Еще более трагичен финал другого брата К. Д. Бальмонта — Аркадия[151]: он был застрелен в лесу, причем именно из надеждинского дневника мы узнаем жуткие подробности этой гибели. От тела, съеденного волками, остались одни кости, которые нашла собака убитого. Завершается рассказ о смерти брата поэта горестным возгласом:

Убит, ограблен, даже съеден.
Да, жалок жребий человека!
Как беззащитен он и беден
Пред властью нынешнего века.

Теперь обратимся к образу самого Константина Дмитриевича, запечатленного в надеждинском дневнике. Судя по всему, Яков Павлович напрямую не общался с поэтом, иначе бы в тетрадях, с их подробными, нередко каждодневными записями, такое общение было бы зафиксировано. Однако «эффект присутствия» К. Д. Бальмонта на дневниковых страницах возникает часто. Говоря о Бальмонтах, Надеждин никогда не забывал, что Гумнищи — родина большого русского поэта. Более того, свое собственное увлечение стихотворчеством автор дневника склонен был во многом объяснять особым «бальмонтовским топосом»:

В Гумнищах почва поэтична.
Здесь поживешь — будешь поэт.

Эти строки, вписанные в дневник 3 октября 1907 года, подкреплены авторским прозаическим примечанием: «д. Гумнищи — родина поэта-декадента Константина Дмитриевича Бальмонта».

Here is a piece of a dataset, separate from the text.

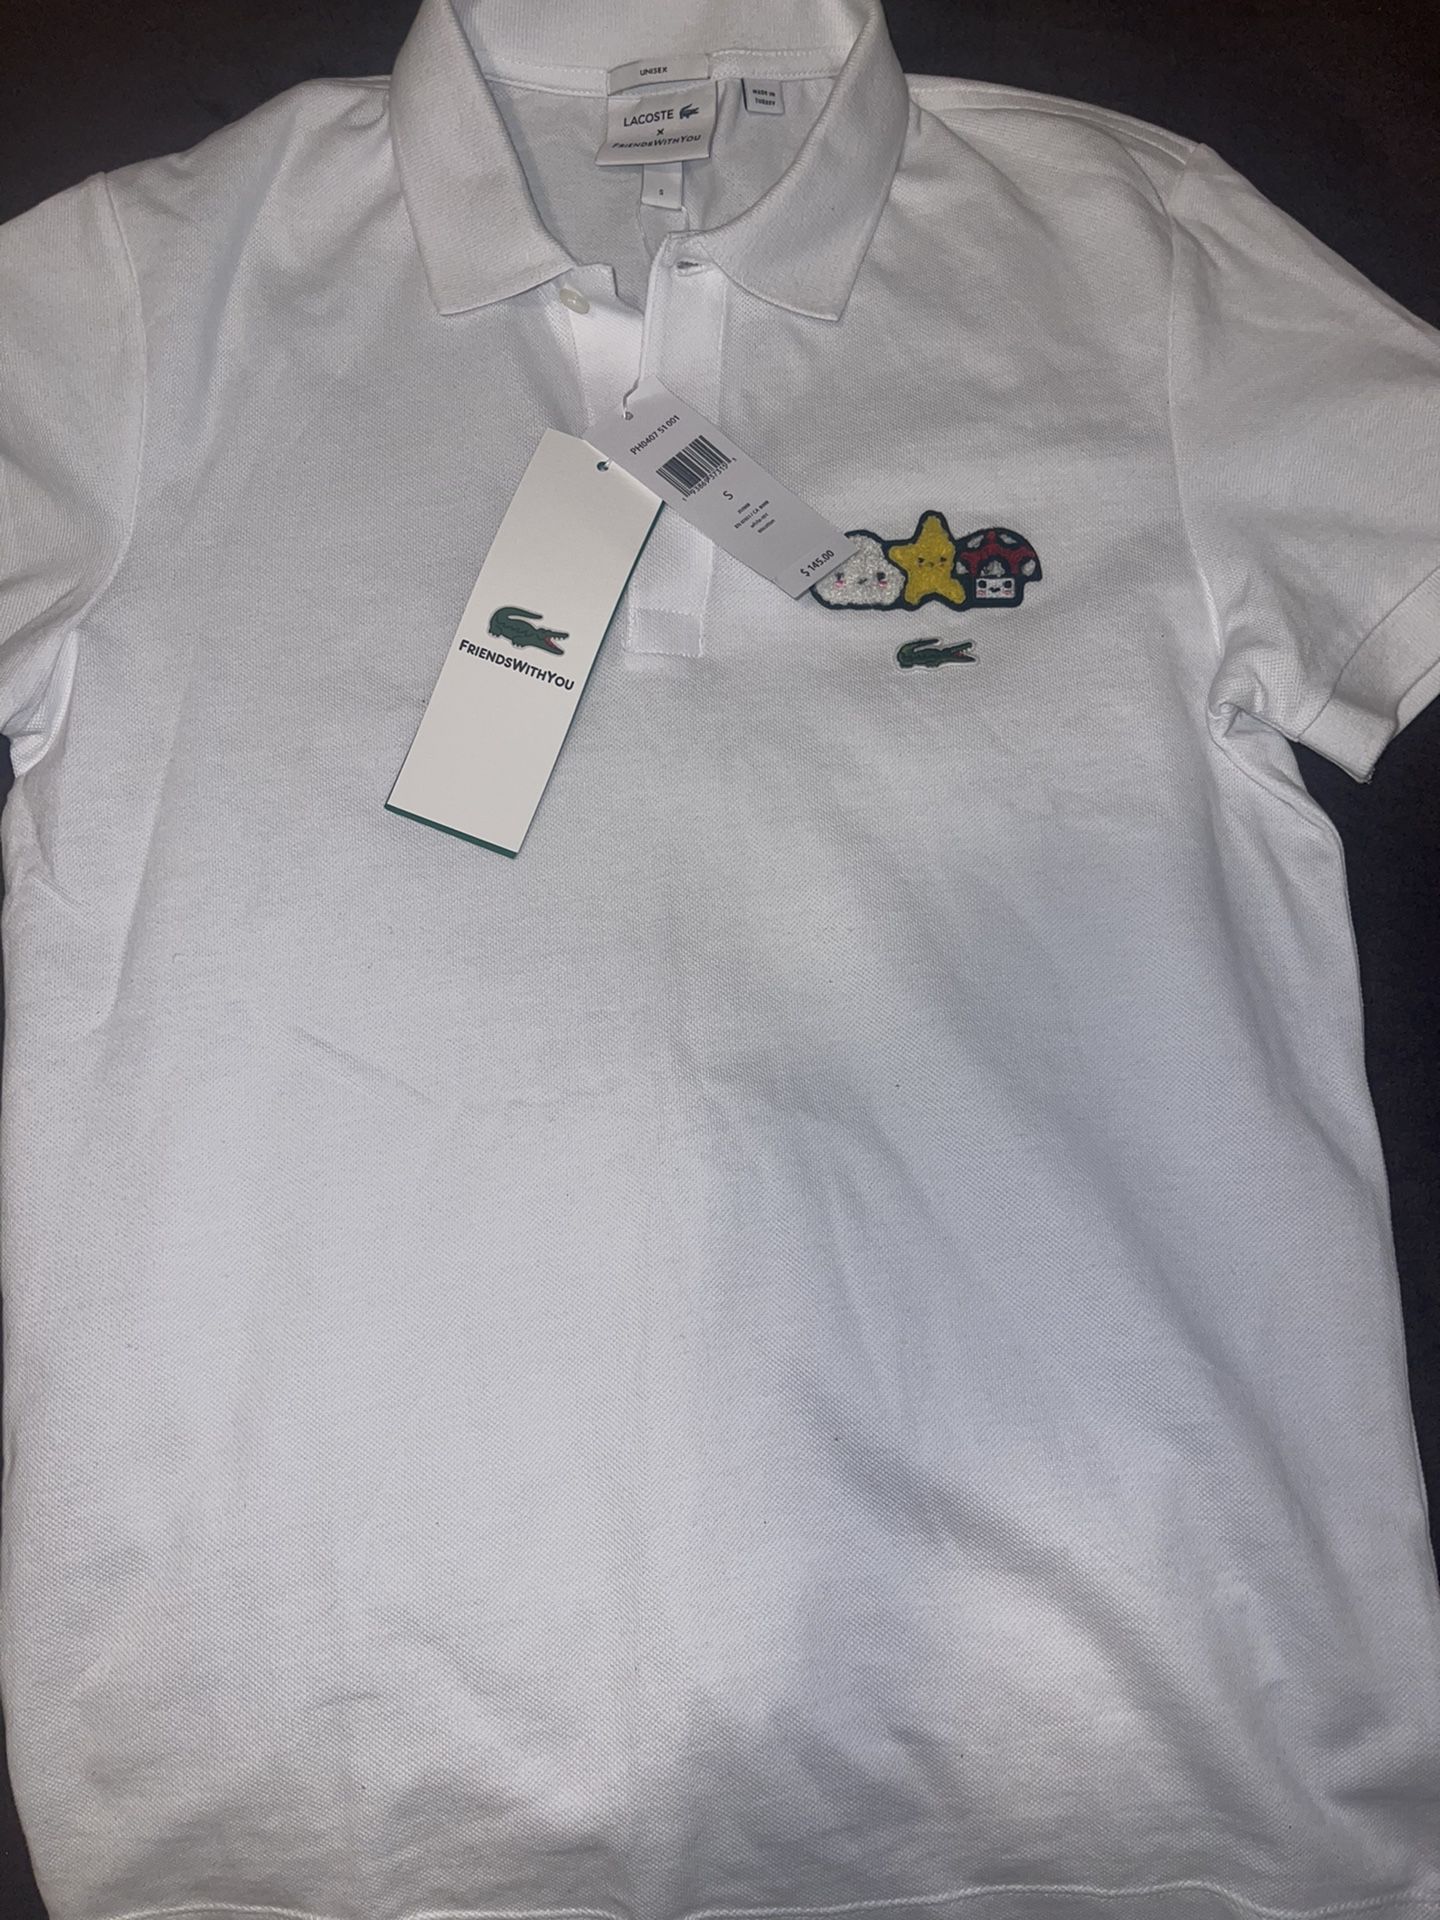 Men's Lacoste shirt for Sale in MD - OfferUp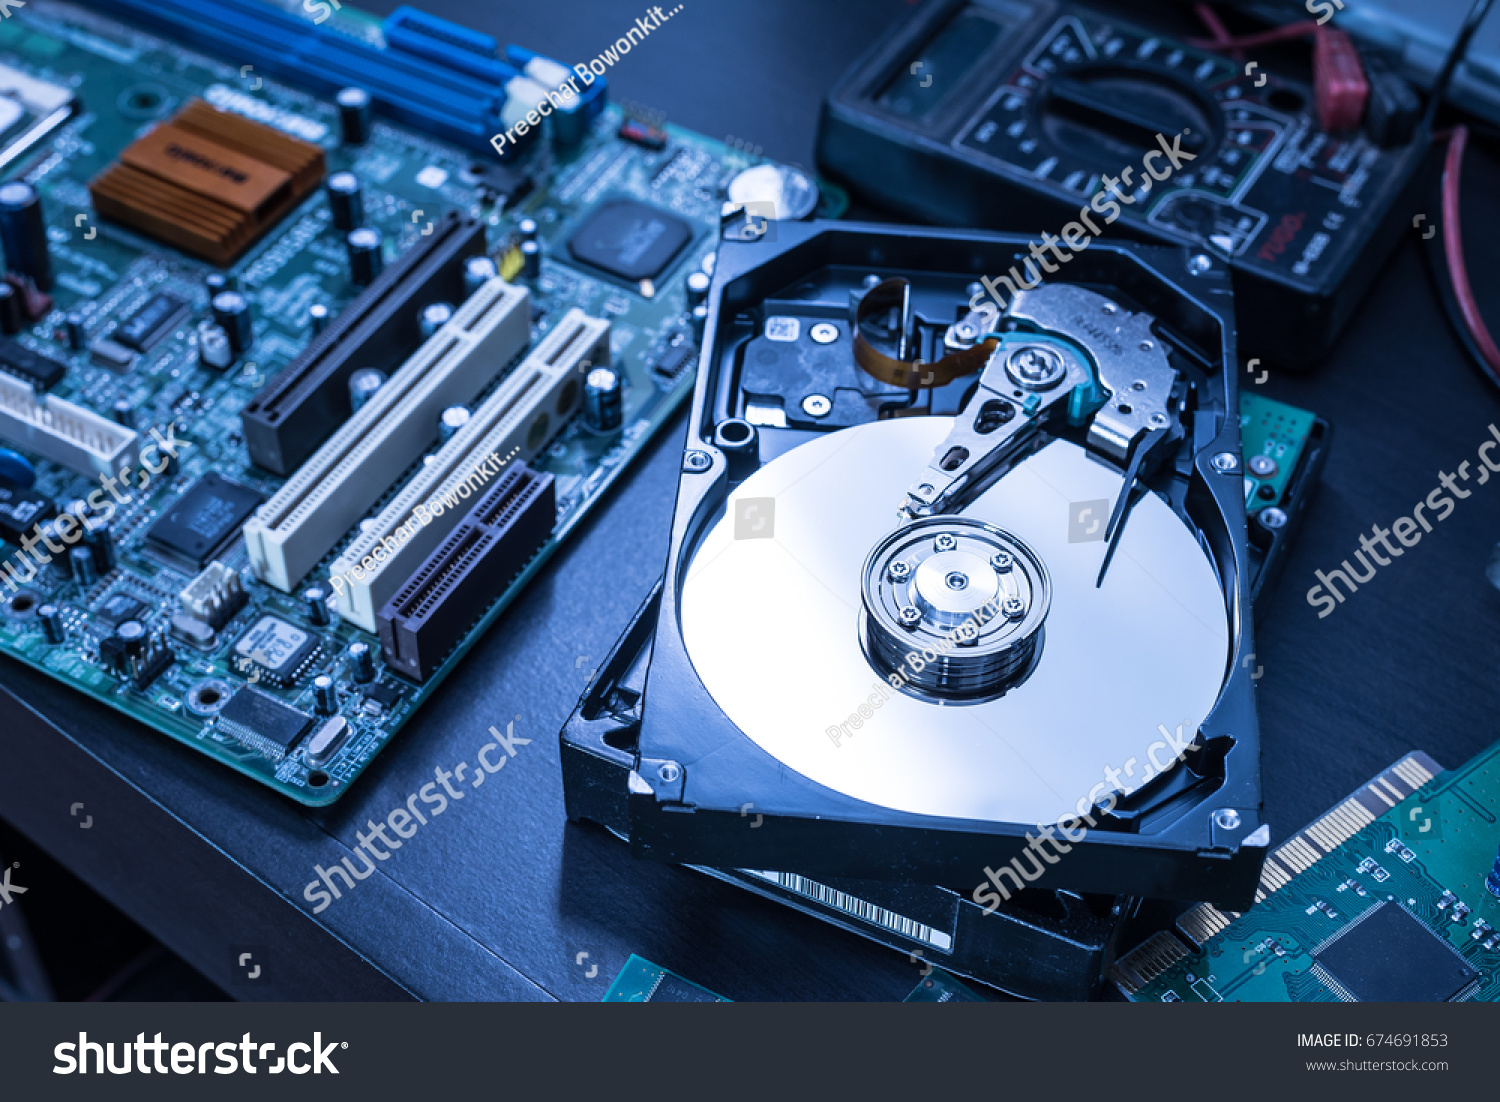 Abstract Image Inside Hard Disk Drive Stock Photo Edit Now 674691853

Насколько притягательным был образ Гумнищ как родины поэта, свидетельствует дневниковая запись от 10 июня 1913 года, когда Бальмонт возвратился из эмиграции в Россию и собирался посетить родные места. Автору эта встреча представляется так:

Ты здесь на родине, поэт!
Смотри, родителей уж нет.
Одни могилы их ты видишь на кладбище…
Их не застал не по своей вине.
Как часто разговор бывал при мне:
Старушка-мать про сына вспоминает.
Лицо у старика сияет.
Тобой гордилися они.
Но не родители одни
Тобой, поэт, гордятся.
И мы стараемся подняться
На зов твой к солнцу.
Только к русскому оконцу
Путь прегражден лучам.
И нашим кажется очам
Не то, что надо.
Но сердце и тому уж радо,
Что к солнцу ты дорогу указал
И громко нас позвал:
«Пойдем и будем как солнце!»

(«К возвращению на родину поэта Б.»)

Эта стихотворная запись отличается необычно теплым отношением к «старым» Бальмонтам. Создавая лубочную картинку со старушкой-матерью и сияющим стариком-отцом, автор словно спешит сообщить поэту, какие у него славные, любящие родители. Но вместе с тем слышна и полемическая нота примерно такого содержания: «Вы зовете нас к солнцу. Мы благодарны Вам за этот зов, но что-то надо делать на земле, если мы хотим, чтобы солнечные лучи проникли в „русское оконце“».

вернуться

150

Александр Дмитриевич Бальмонт (1869–1929).

вернуться

151

Аркадий Дмитриевич Бальмонт (1866–1928). Неизвестный ранее год смерти устанавливается по дневниковой записи Я. П. Надеждина. К. Д. Бальмонт с большой симпатией относился к брату Аркадию (см. об этом в автобиографическом романе «Под новым серпом», где А. Д. выведен под именем Глеба.